Why is Act 3 of The Crucible described as the most dramatic?

Expert Answers
Ashley Kannan eNotes educator| Certified Educator

I think that a case can be made for any of the acts containing drama.  The first act with the accusations being flung around at its end is extremely dramatic as it sets everything in the drama in motion.  The second act's drama lies in the tension between Elizabeth and John, and her arrest, with Hale being both helper and agent of resistance.  The final act is powerful in Proctor's evolution before the audience's eyes. This play contains drama everywhere.

I think that the primary reason why Act III can be seen as the most dramatic is because it represents the "showdown."  In all such moments where there is a showdown of sorts between protagonist and antagonist, drama is present.  Act II closes with Proctor screaming about how everyone is "naked" in the "icy winds" of judgment and how if Abigail is going to pursue her accusations, he will proceed to expose her as a fraud, even if that means he will suffer as a result.  It also ends with Mary Warren weeping that she "cannot" face Abigail and accuse her.  It is within this framework where the reader recognizes that one way or another, this drama will unfold.  In Act III, the tension rises also because of the configuration of how the courtroom operates.  Danforth and Herrick are convinced in the authenticity of the court procedures and in what they do.  Along with the accusations and the defense lobbied by their loved ones, this adds to the tension.

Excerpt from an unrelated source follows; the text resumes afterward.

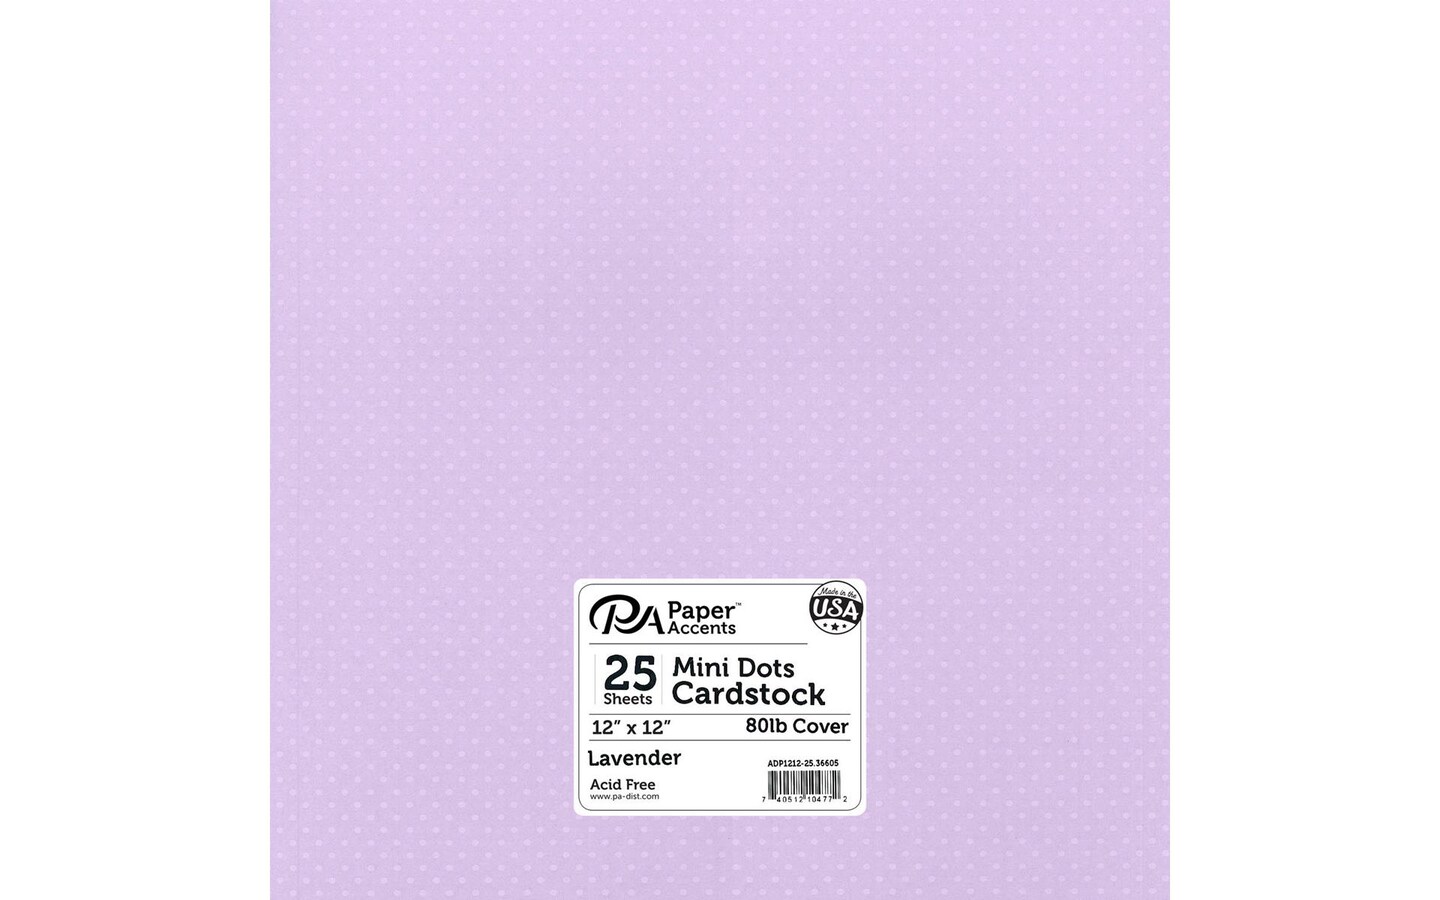 PA Paper Accents Mini Dots Cardstock 12

The idea that those who are brought in front of the courtroom must follow court procedure in order to clear their names helps to add drama.  Those accused must disavow that they were ever witches, confess their love for accepted religion, and then, in order to prove their faith, accuse others for crimes they may or may not have committed.  It is not merely good enough to declare innocence in such a setting.  One must declare, repent, convert, and then accuse in one setting.  This, in its own configuration, is dramatic because it involves so much in terms of conflict.  Giles Corey is thrown in jail because of his refusal to follow such a code.  Francis Nurse sees the 91 people whose names he sought in defense of his wife and Proctor's wife all become suspects.  Proctor himself cannot bring himself to admit that Parris is a religious man, nor can he stand to see Abigail and her crew tear down Mary.  His intense reactions to her testimony in this legal setting only add to this drama.

This, of course, bring the height of the drama to the forefront in Abigail Williams.  Interestingly enough, she does not appear much in the play, but she is the catalyst for everything in it.  Abigail's presence is dramatic.  When she fakes seeing the devil in the courtroom, mocks Mary, gets the other girls to mock her, and then play innocent, there is drama present.  When she threatens to leave the courtroom and then portray herself as a victim, something that Danforth believes, to an extent, and John derides, calling her a "whore" repeatedly, drama is present.  The moment of intense drama has to come when the triangle of John, Abigail, and Elizabeth is constructed, where the wife can only see the backs of her husband and his lover.  In an instant, she lies to protect the name of her husband, a name that he himself has already sullied in the attempt to bring down Abigail.  In this, there is drama.  With the en of the act, Proctor has declared God to be dead, and there is intensity all around.  That's fairly dramatic.